Document Chat (RAG)
Upload PDFs, ingest them into a local vector store, and chat with your documents using retrieval-augmented generation.
How RAG Works
Retrieval-Augmented Generation (RAG) combines the power of semantic search with LLM reasoning. Documents are chunked, embedded, and stored in a vector database. When you ask a question, the system retrieves the most relevant chunks and uses them to ground the AI's response.
PDF Ingestion
Upload and parse PDF documents with text extraction.
Semantic Chunking
Break documents into meaningful segments with overlap.
Vector Storage
Embed chunks using OpenAI or local models and store in MongoDB.
Hybrid Search
Combine keyword and semantic search for best retrieval.
Document Ingestion API
Use the REST API to upload documents and trigger the ingestion pipeline.
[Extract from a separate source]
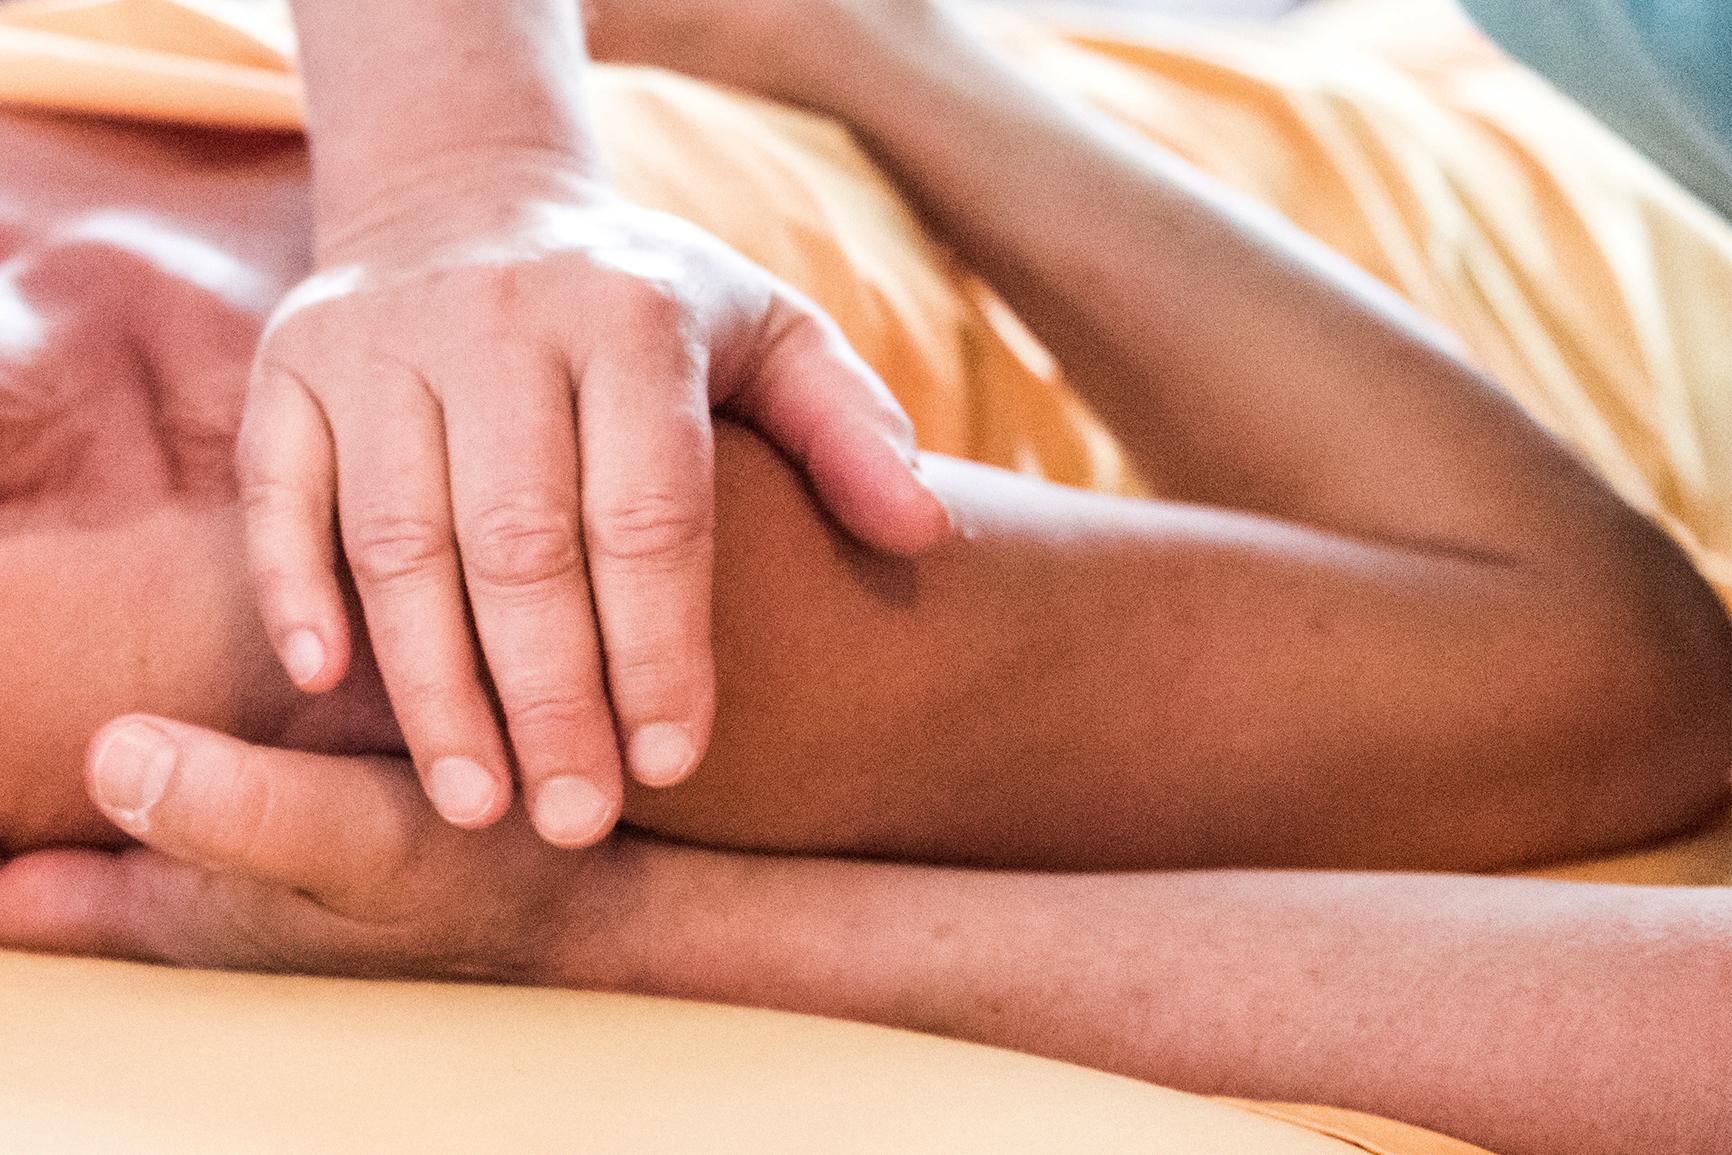 Somatic Healing Arts Massage in Zürich - Rolfing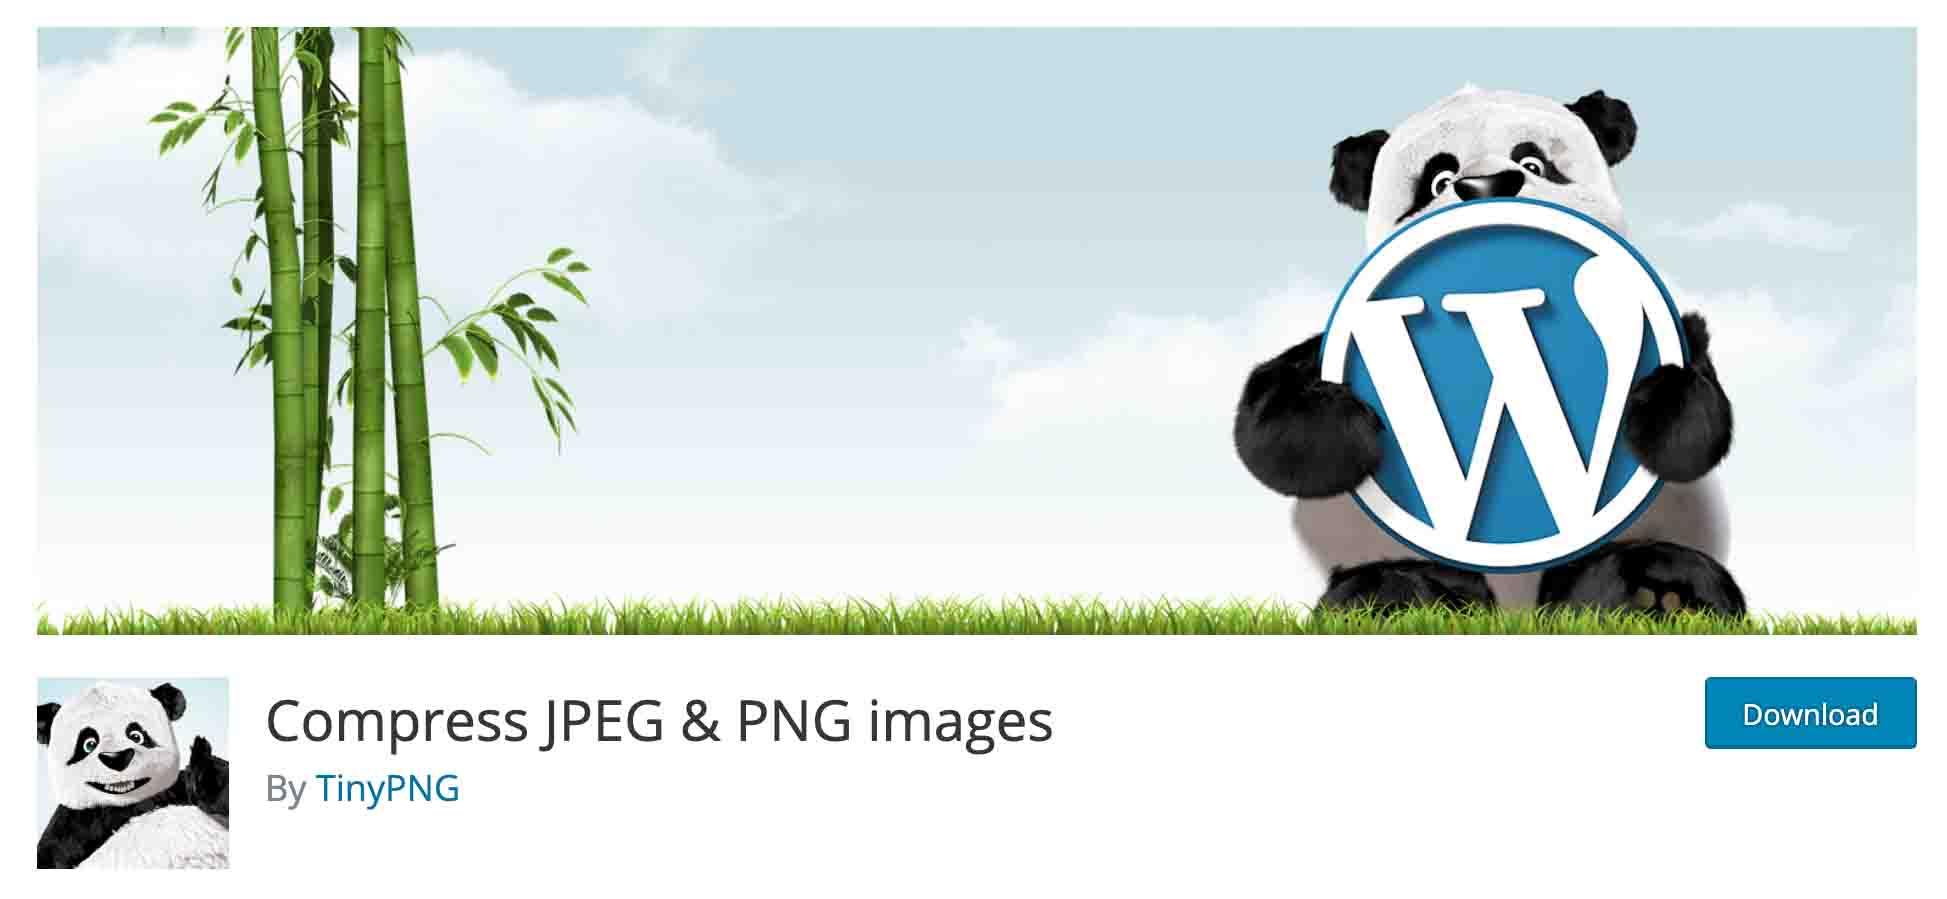 TinyPNG - WordPress Image Compression Plugins

curl -X POST http://localhost:5000/api/v1/documents/upload \
-F "file=@research_paper.pdf" \
-F "metadata={\"title\":\"AI Research\",\"tags\":[\"ai\",\"ml\"]}"
# Response:
{
"document_id": "doc_abc123",
"chunks_created": 45,
"status": "indexed"
}Querying Documents
Ask natural language questions and get answers grounded in your uploaded documents with source citations.
{
"query": "What are the key findings about neural networks?",
"document_ids": ["doc_abc123"],
"top_k": 5
}
# Response:
{
"answer": "The key findings indicate that...",
"sources": [
{ "chunk_id": "chunk_12", "page": 3, "relevance": 0.92 },
{ "chunk_id": "chunk_45", "page": 8, "relevance": 0.88 }
]
}Privacy & Local Storage
All document embeddings and vector data are stored locally in MongoDB. No data is sent to external services unless you explicitly configure an external embedding API. You can use local embedding models for complete offline operation.